◆ **About this exercise**
The response should be an exact transcription of the data below, free of images.

◆ **Input data**
[Start of section]

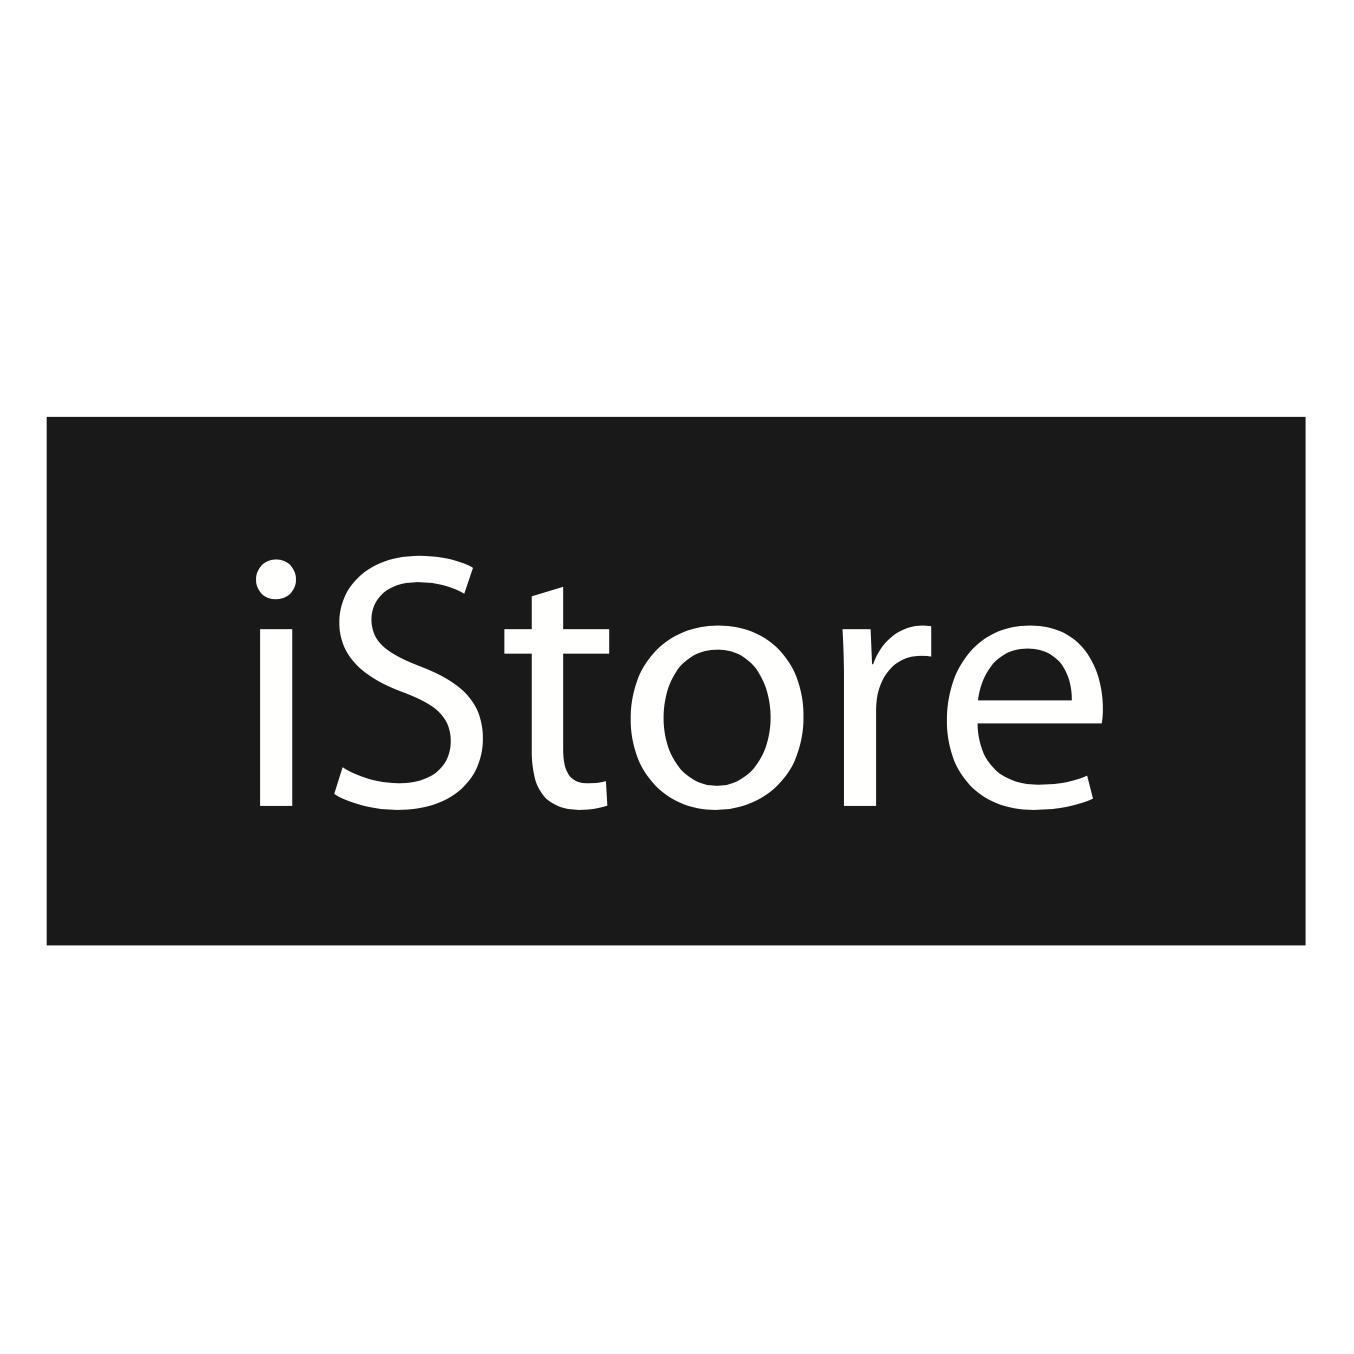 iPhone X 64GB - Space Grey
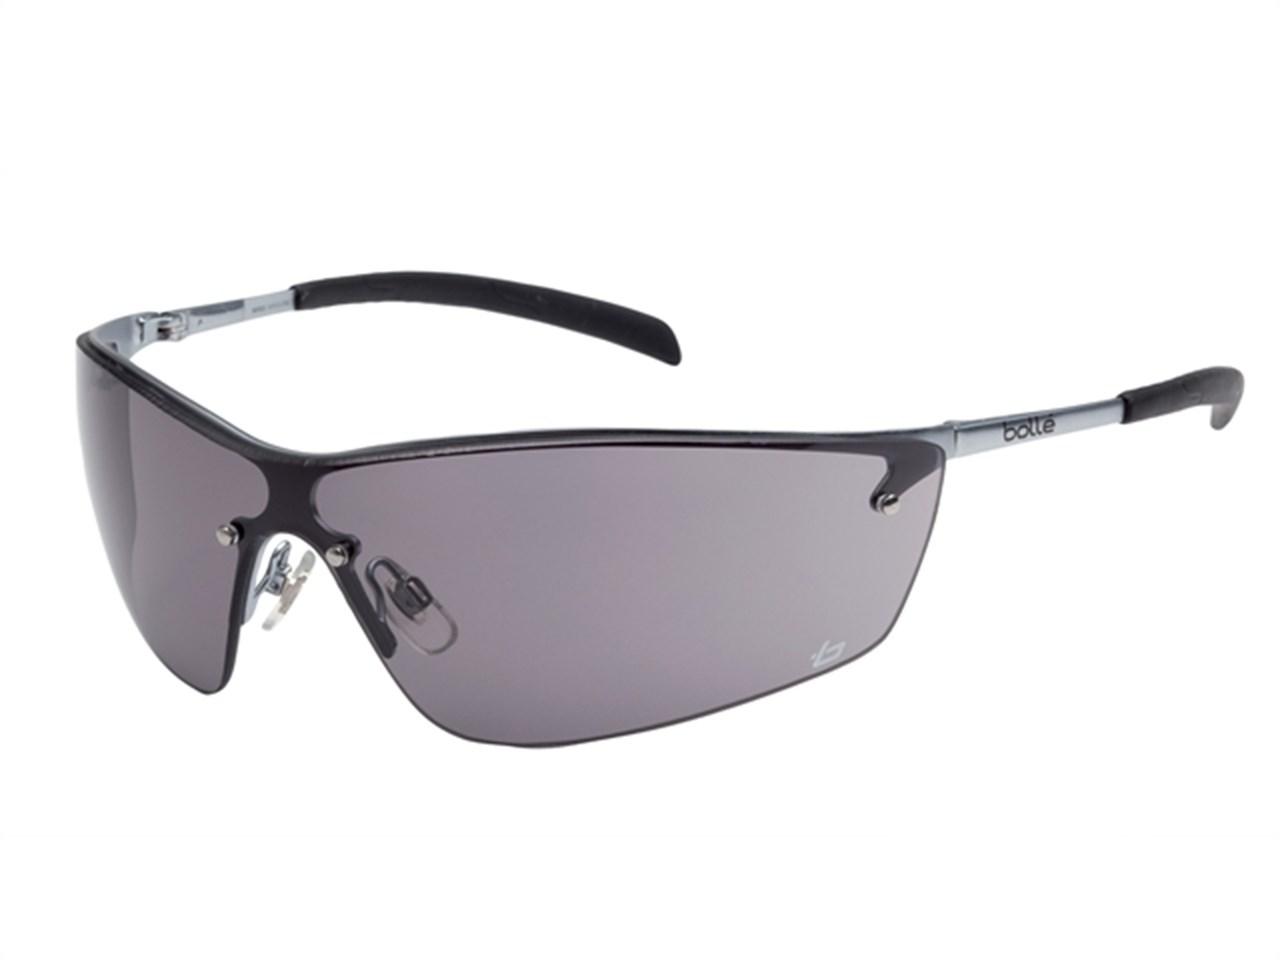 BOLLE Silium Safety Glasses - Smoke
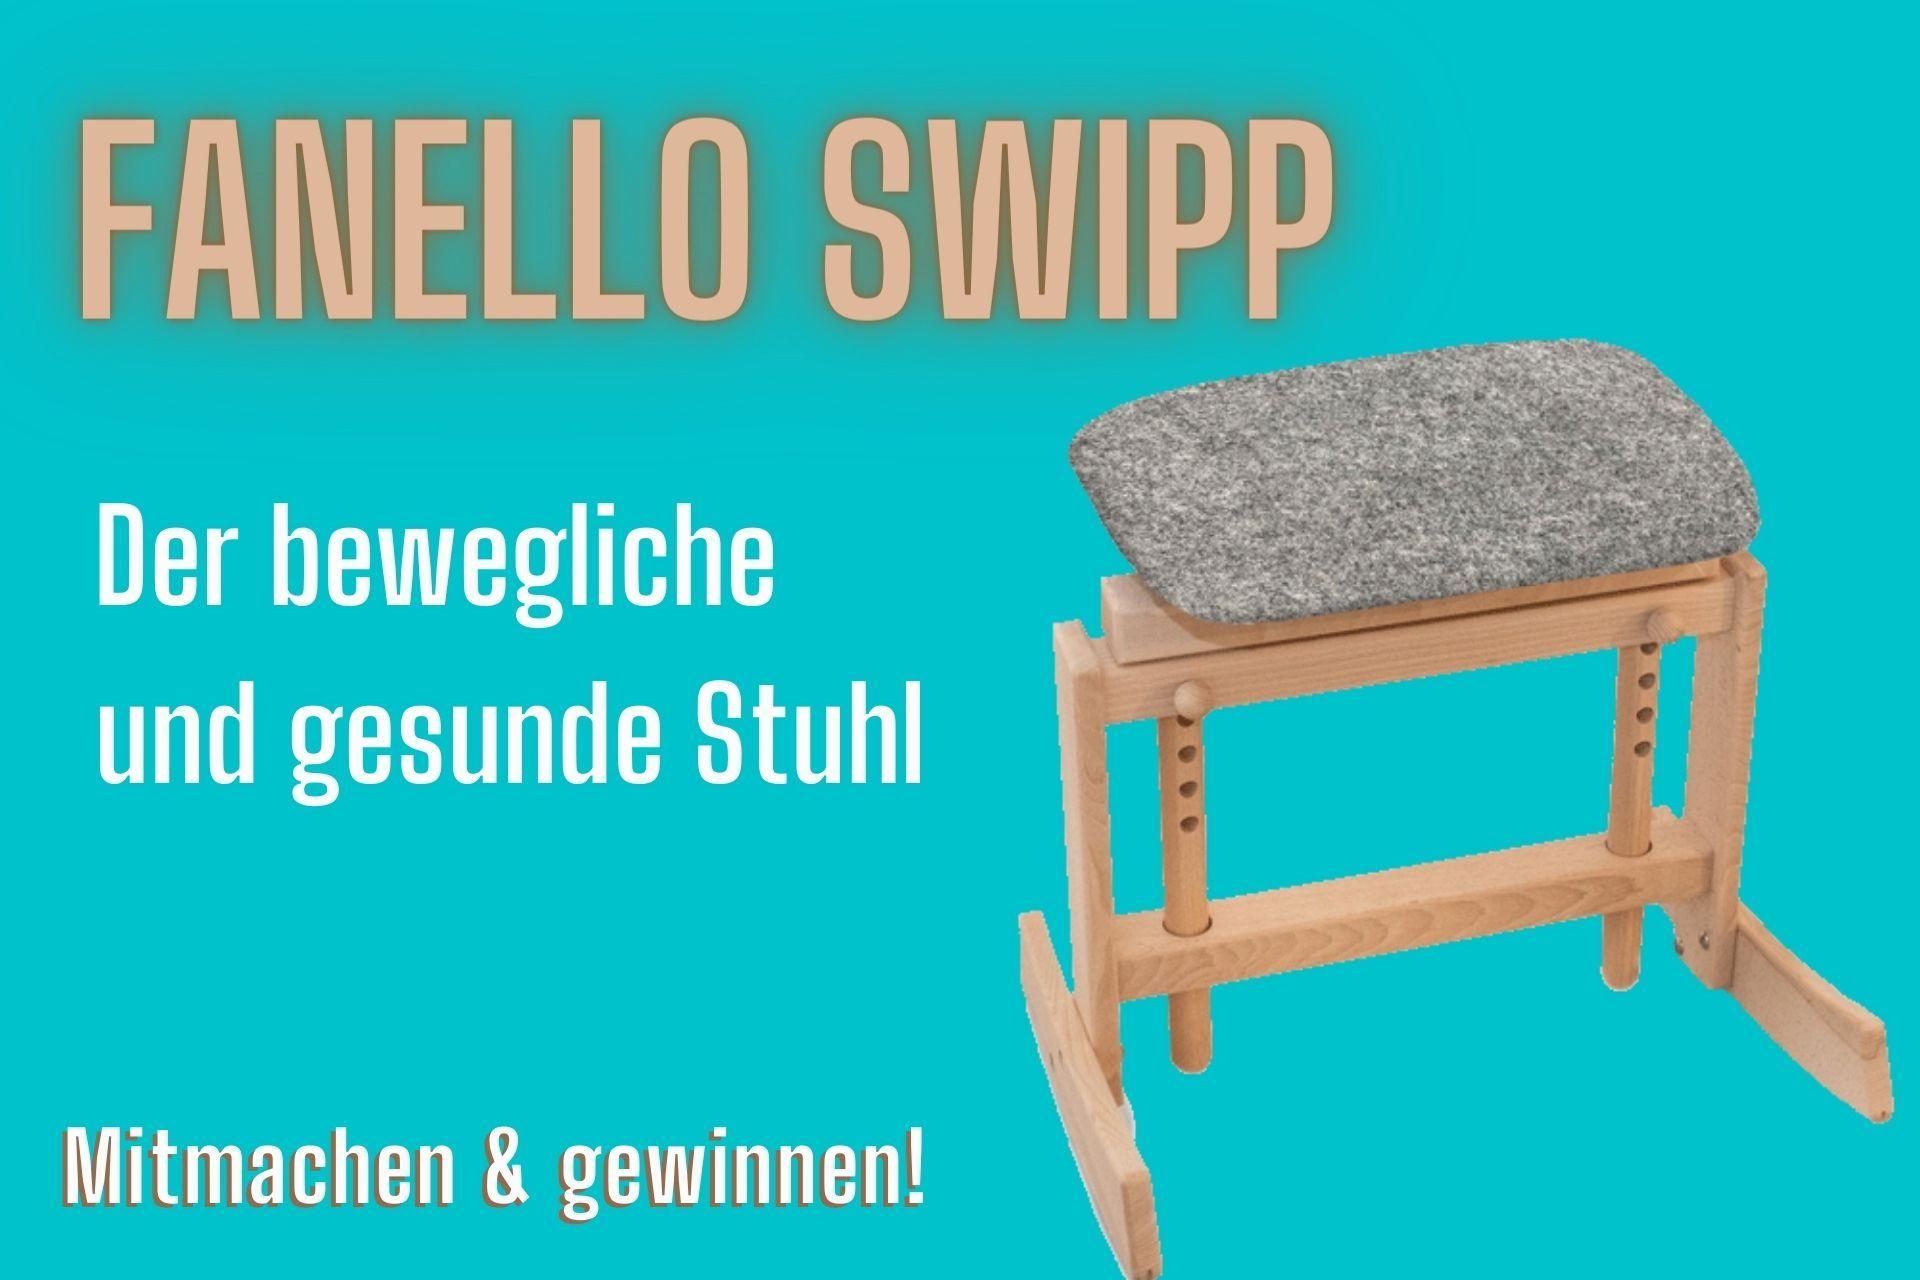 Fanello_Swipp_Preis.jpg

[End of section]

◆ **Your response**
 iPhone X 64GB - Space Grey
 BOLLE Silium Safety Glasses - Smoke
 Fanello_Swipp_Preis.jpg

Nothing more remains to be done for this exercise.